Pianist, singer and songwriter Mose Allison was born November 11, 1927 in Tippo, Mississippi.
He took piano lessons when he was five, grew up in the country, and picked cotton as a child.
After two years in the Army and earning an English degree from Louisiana State University, he moved to New York in 1956, working as a jazz pianist including with Stan Getz, Gerry Mulligan, Phil Woods, Al Cohn and Zoot Sims.
Allison led his first record in 1957, began leading a regular trio the following year, and recorded several albums for Prestige that featured him as a pianist with just occasional vocals.
By the early 1960s, Mose Allison started becoming better known as a country blues singer who also played his own inventive form of jazz piano.
He wrote over 150 songs in his career with lyrics that were insightful, witty and full of Mose’s wisdom and social criticism.

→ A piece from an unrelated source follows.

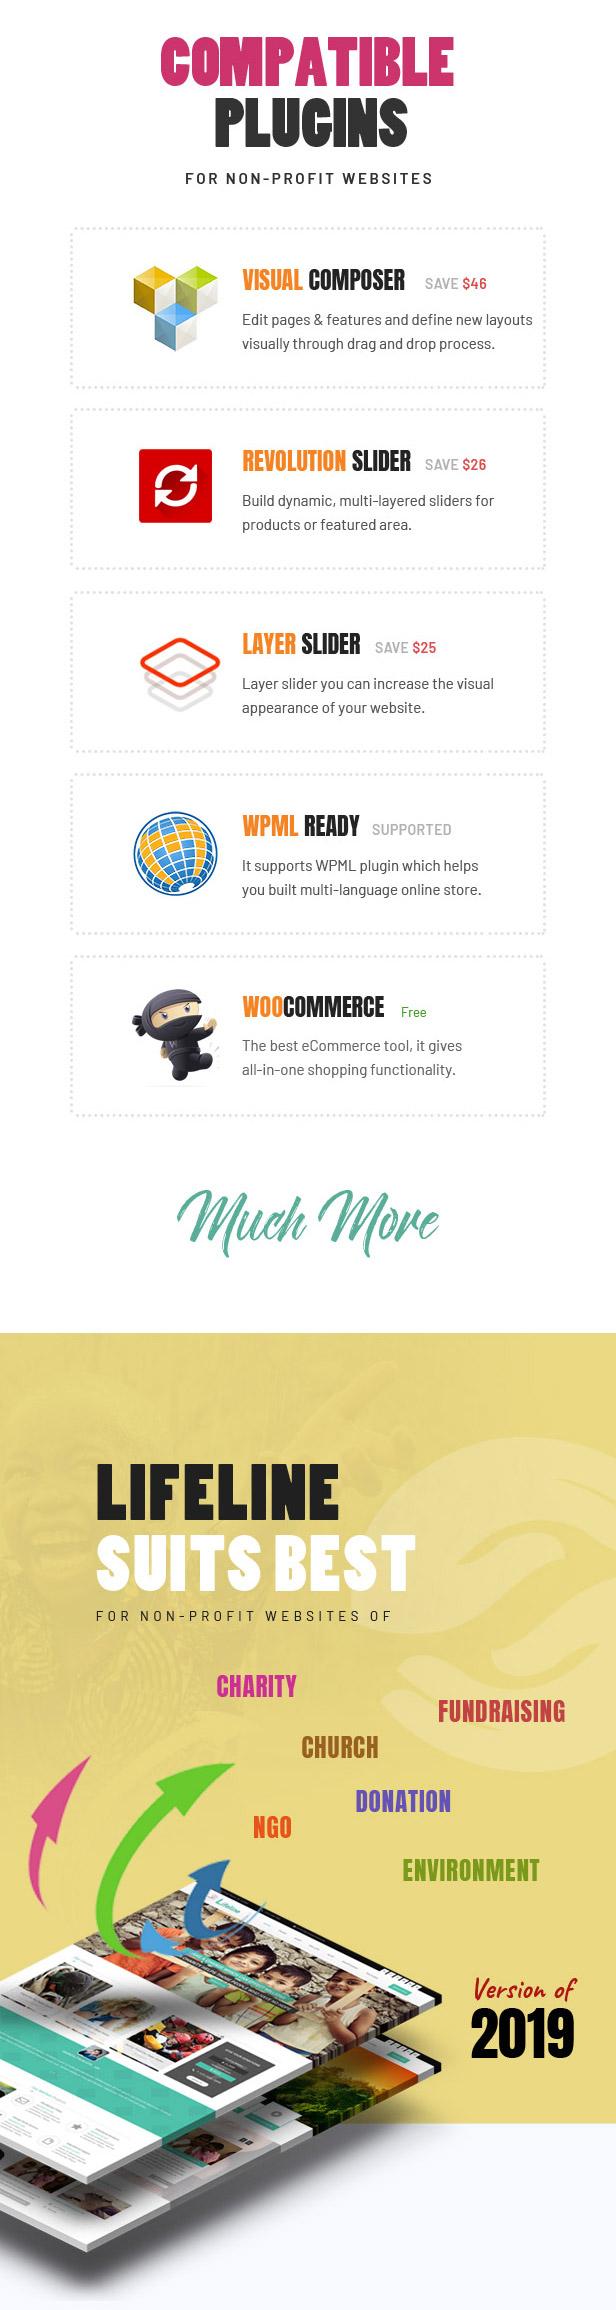 Lifeline - NGO, Fund Raising and Charity WordPress Theme - 4

Among his most enduring compositions are “Everybody’s Cryin’ Mercy,” “Your Molecular Structure,” “If You’re Going To The City,” “I Love The Life I Live,” “Certified Senior Citizen,” “You Call It Jogging (But I Call It Running Around”) and “Your Mind Is On Vacation (But Your Mouth Is Running Overtime”).
Mose Allison was an active and influential musical force until a couple of years before his passing in 2016 at the age of 89.

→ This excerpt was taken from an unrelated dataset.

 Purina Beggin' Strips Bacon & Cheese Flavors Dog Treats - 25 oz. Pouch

Allison is featured in the 1980s performing “I Don’t Worry About A Thing” in a trio with bassist Jack Hannah and drummer Jerry Granelli.

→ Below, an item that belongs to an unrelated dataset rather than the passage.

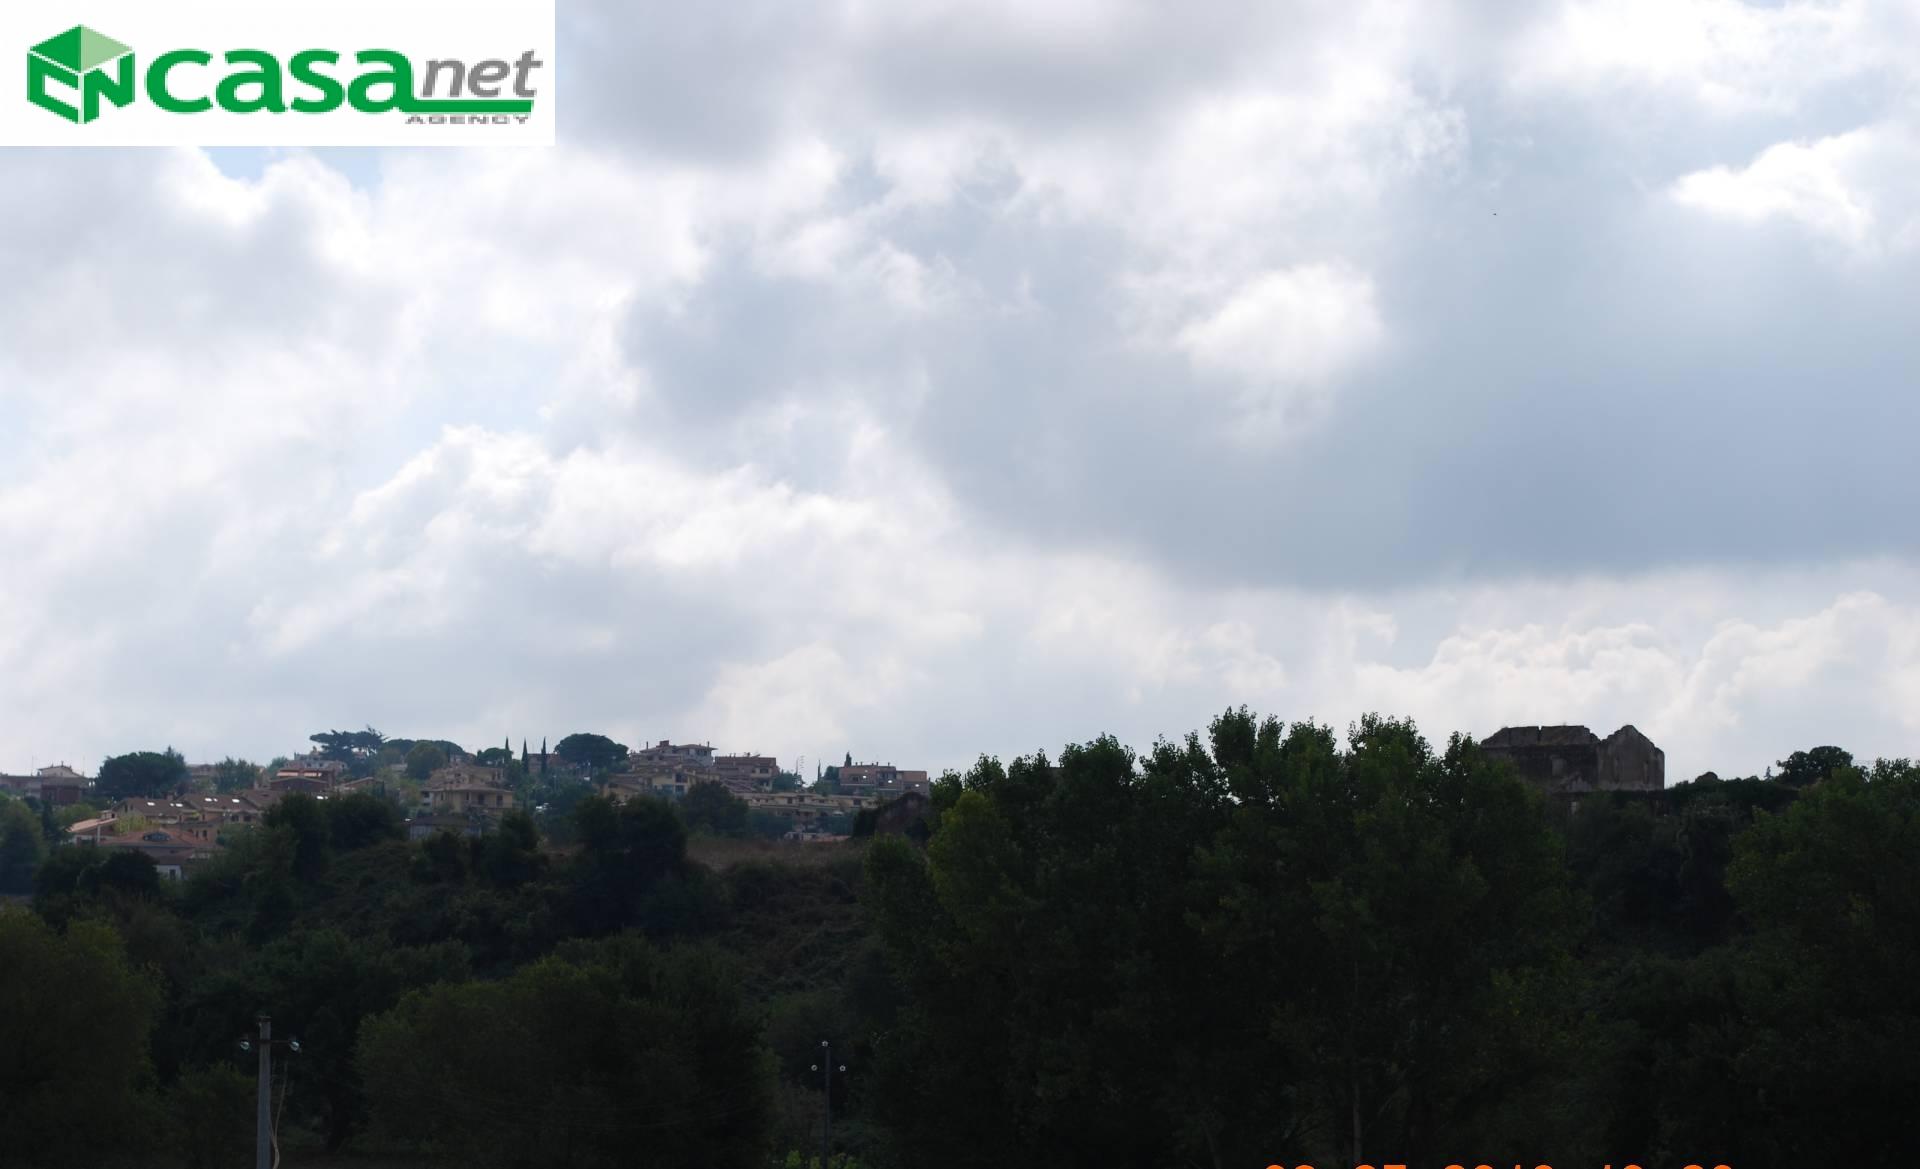 Bilocale Guidonia Montecelio Via Palombarese 10

Mose singing with wit about hypocrisy
A unique singer-pianist-songwriter, Mose Allison always fit into his own category.
He combined a singing style that looked as much towards the country blues as to jazz, was based in both bop and blues as a pianist, and wrote songs that were full of insightful ideas, wit, and his own homespun wisdom.
Here he is late in his career, performing on a BBC program from May 20, 2005, singing against hypocrisy on his bluesy “Everybody’s Cryin’ Mercy.”